I don't think you have looked at Pandas that closely. For example, Pandas has multiple ways to persist besides a flat file, including to SQLite and HDF5. - http://pandas.pydata.org/pandas-docs/stable/io.html

It's also aware of the relational data model. The 10 minute intro at http://pandas.pydata.org/pandas-docs/stable/10min.html?highl... says:

"pandas provides various facilities for easily combining together Series, DataFrame, and Panel objects with various kinds of set logic for the indexes and relational algebra functionality in the case of join / merge-type operations."

and http://pandas.pydata.org/pandas-docs/stable/comparison_with_... gives a mapping of basic SQL operations to Pandas.
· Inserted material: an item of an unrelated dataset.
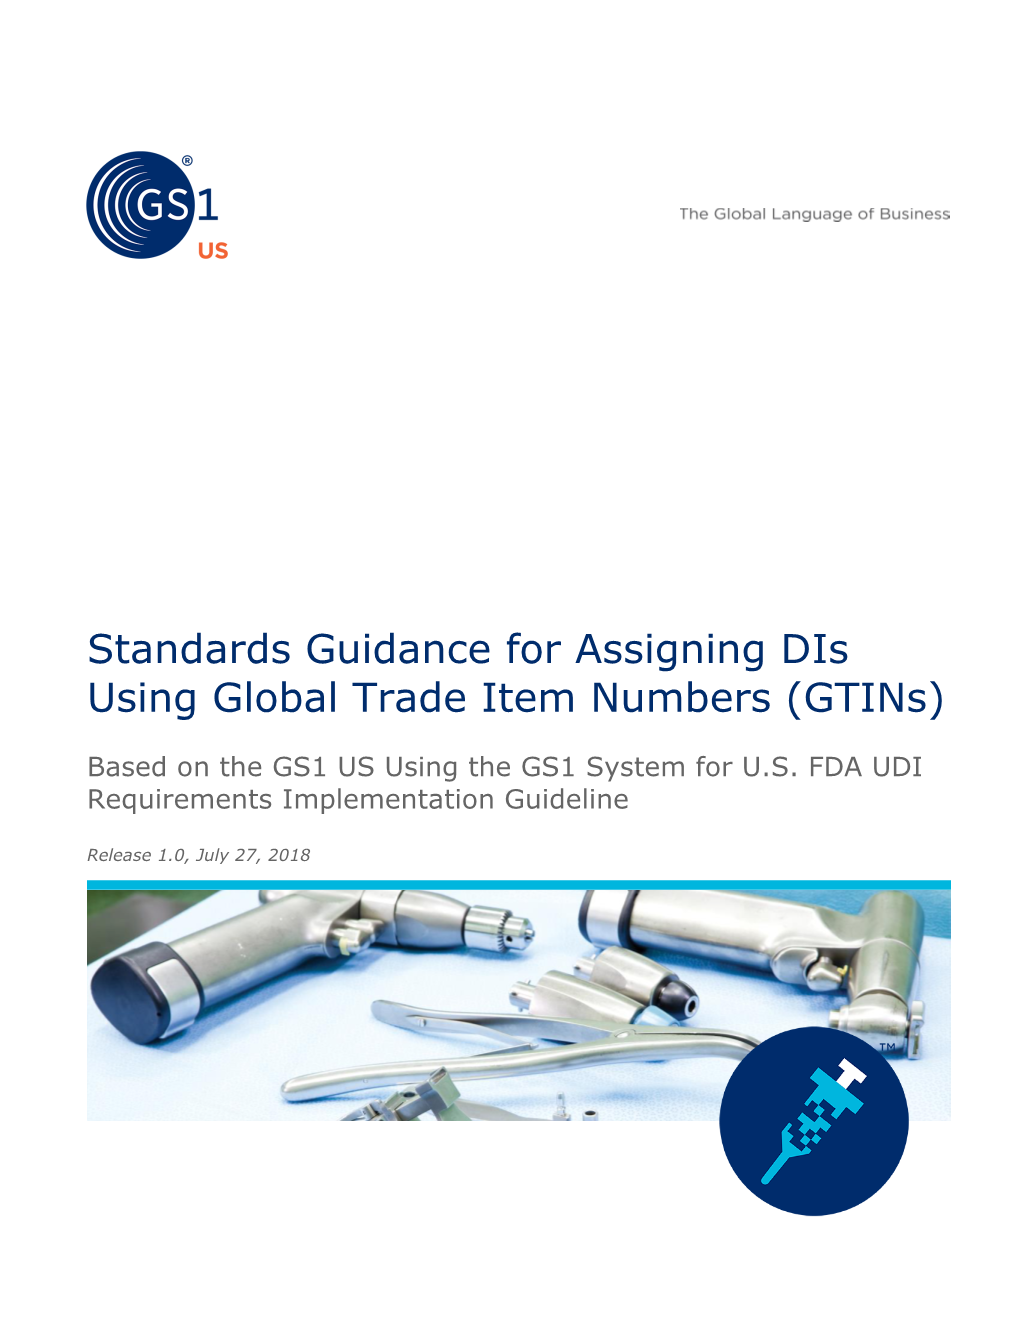 Standards Guidance for Assigning Dis Using Global Trade Item Numbers (Gtins)

There is also some caching. The documentation mentions things like "A large range of dates for various offsets are pre-computed and cached under the hood in order to make generating subsequent date ranges very fast (just have to grab a slice)" and "Bug in Series update where the parent frame is not updating its cache based on changes".

Perhaps you can think of it as an in-memory relational database without SQL or a declarative language but instead has an imperative API for Python, containing a large number of helper functions not in most RDMSes but which are important in data analysis. Think of it as a database engine where the user has control over the internal memory layout so C extension and other code (a "cartridge" or "datablade", if you will) can work with it directly.

Supposed you want to read a CSV into a data frame, compute the difference between column "X" and "Y", and show those differences as a histogram. That's one line of Pandas. How do you do that in a RDBMS?